* **WORK REQUEST**: Please output every line of the material as it stands, without the pictures.

* **STORED DATA**:
---*---

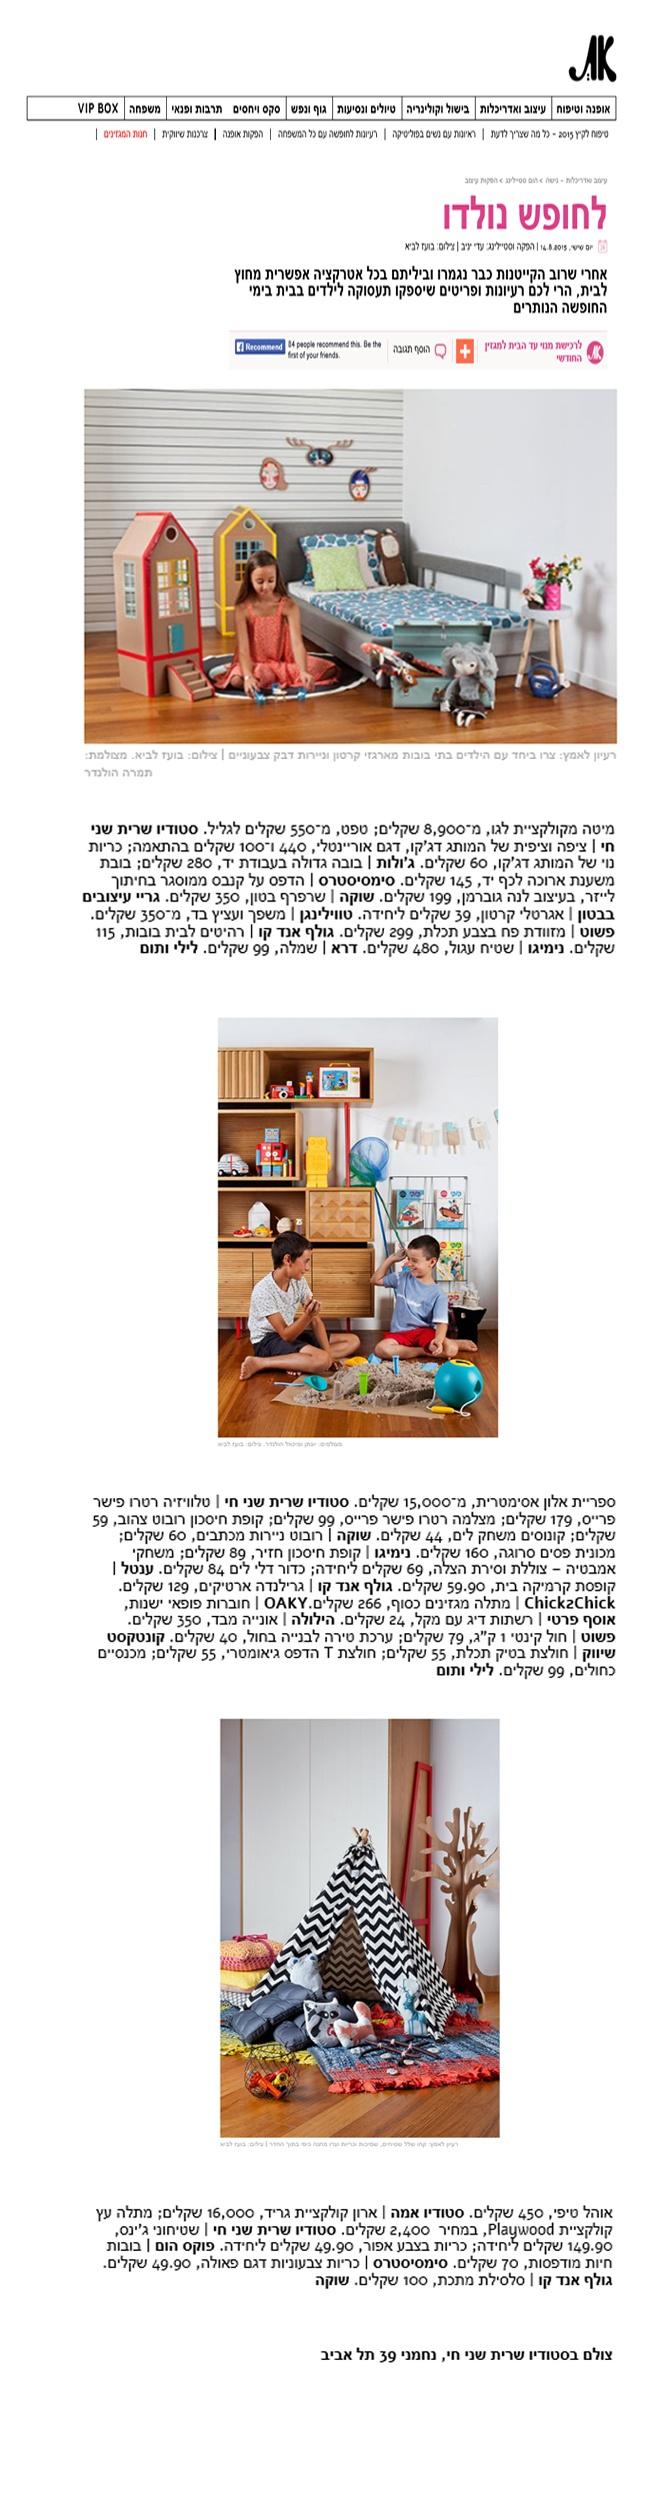 Niche Magazine - You
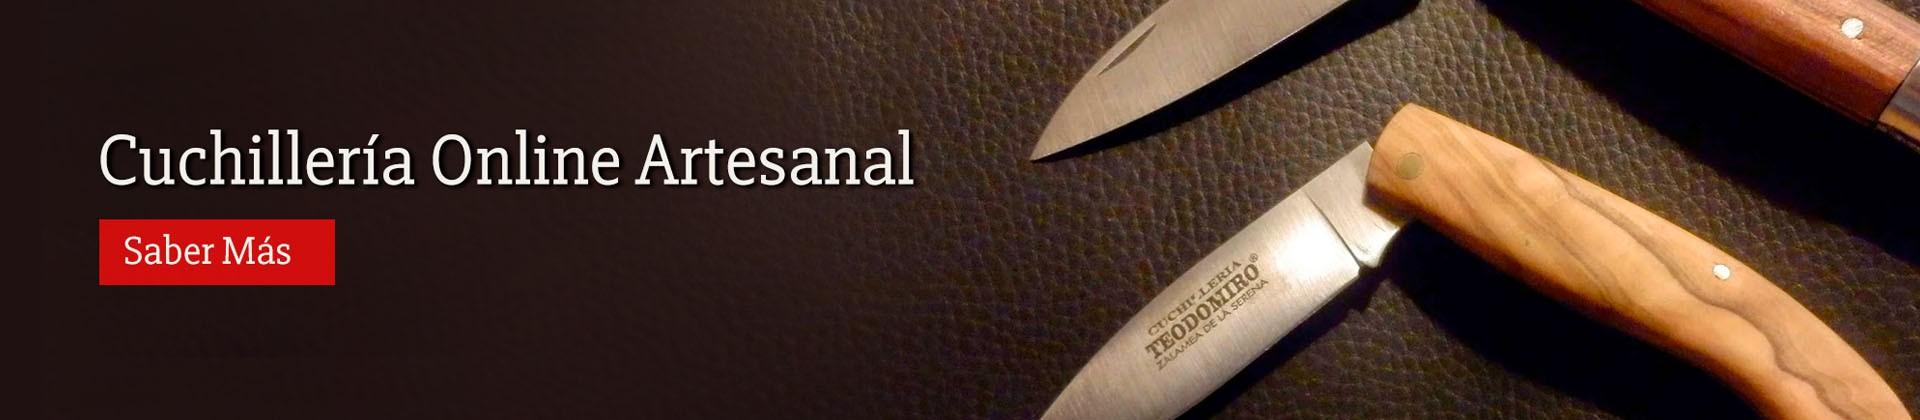 Cuchillería Online Artesanal
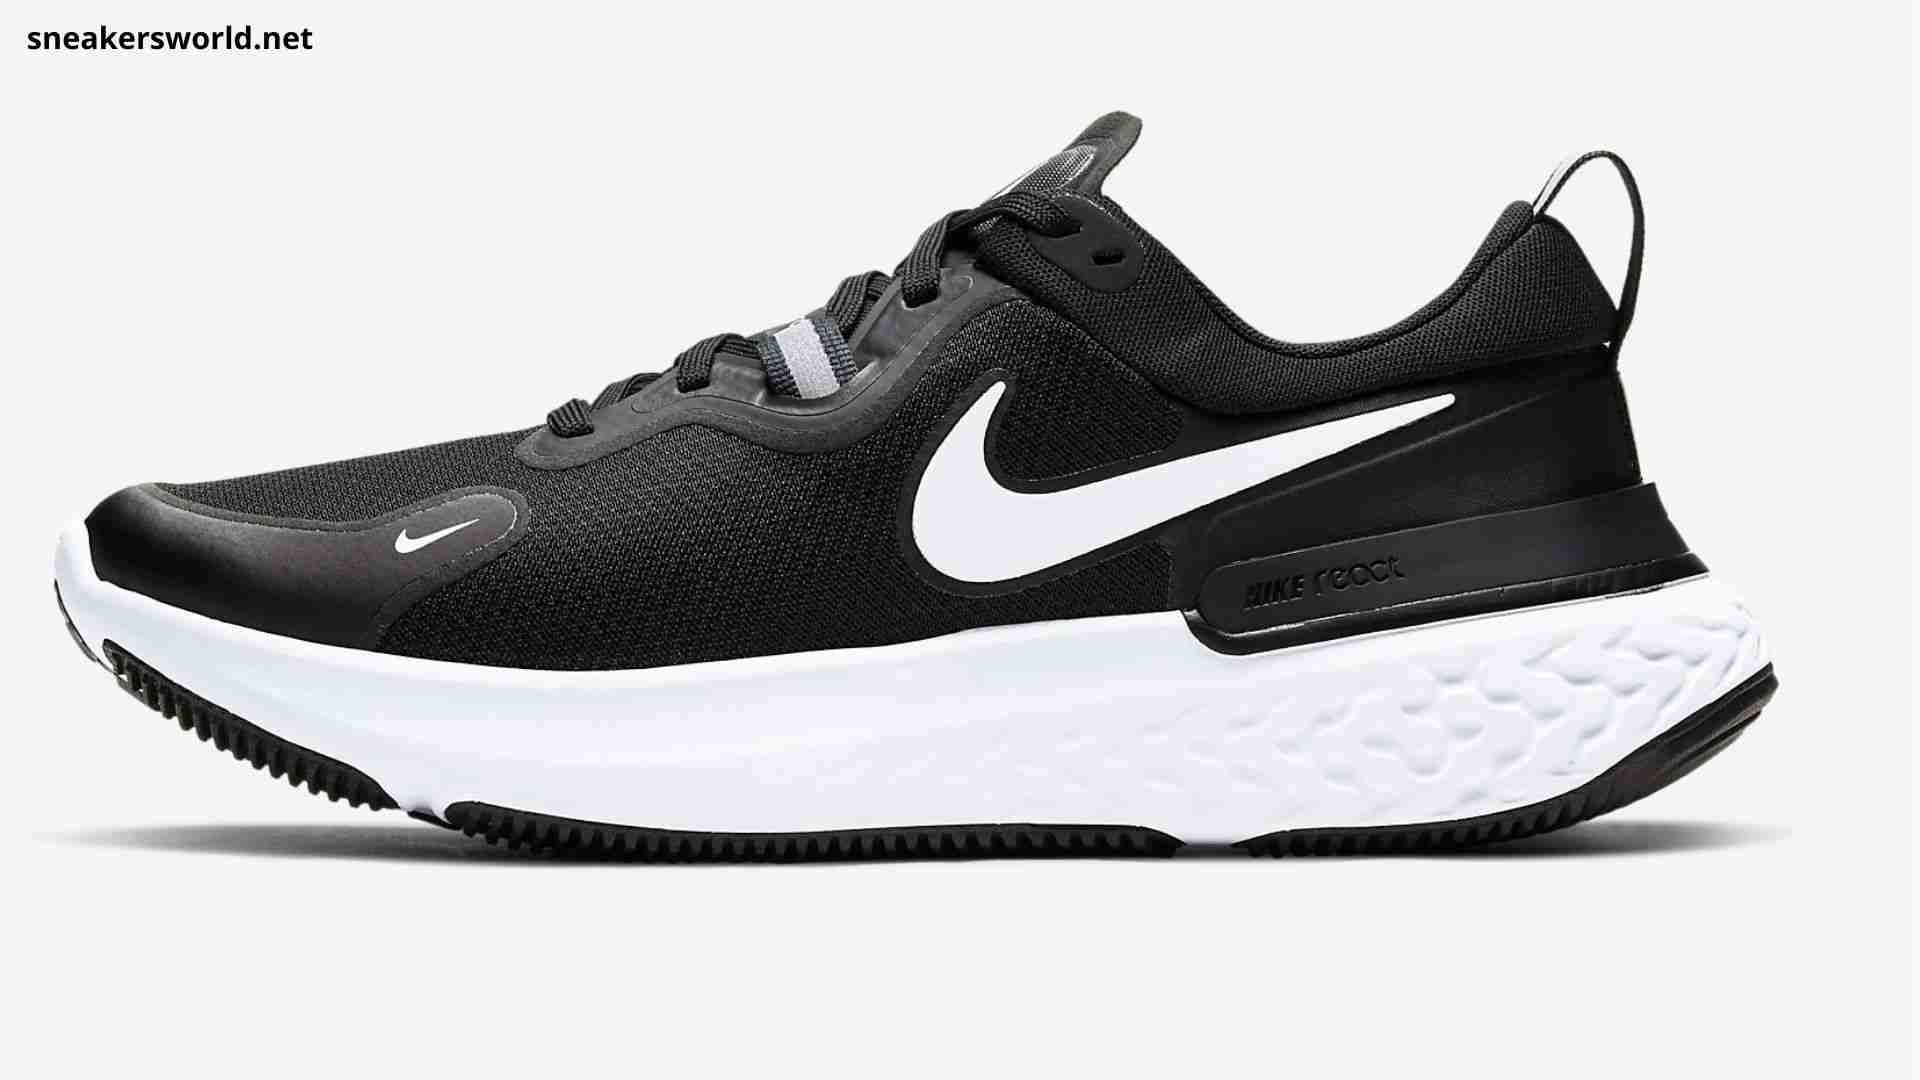 Nike react miler review images in sneakersworld.net
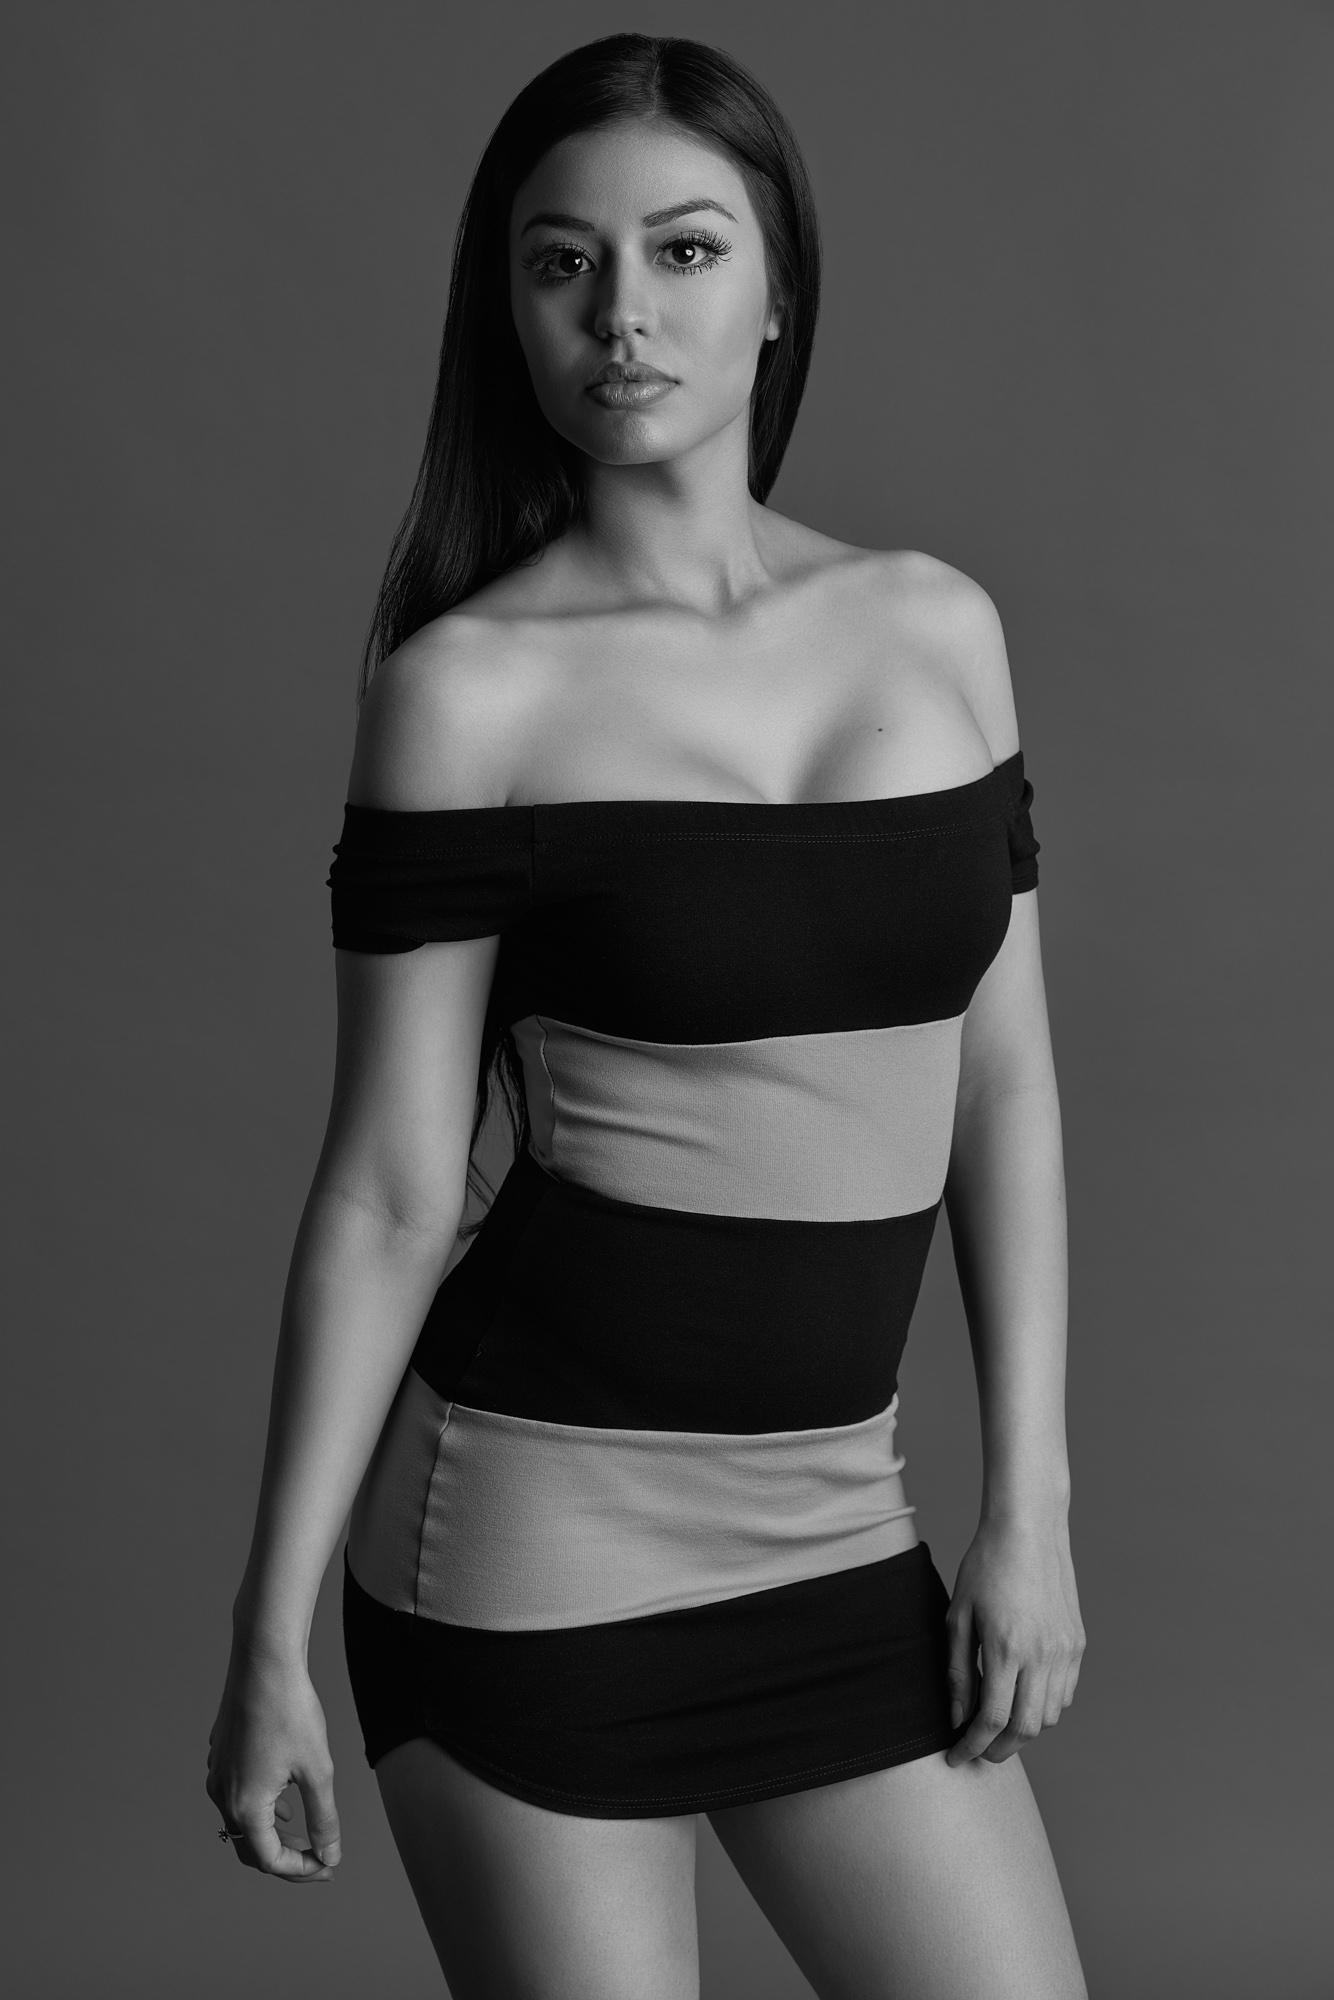 Veronica Fashion Model by Mesa Arizona Fashion Portrait Photographer Chad Weed

---*---

* **RESPONSE**:
 Niche Magazine - You
 Cuchillería Online Artesanal
 Nike react miler review images in sneakersworld.net
 Veronica Fashion Model by Mesa Arizona Fashion Portrait Photographer Chad Weed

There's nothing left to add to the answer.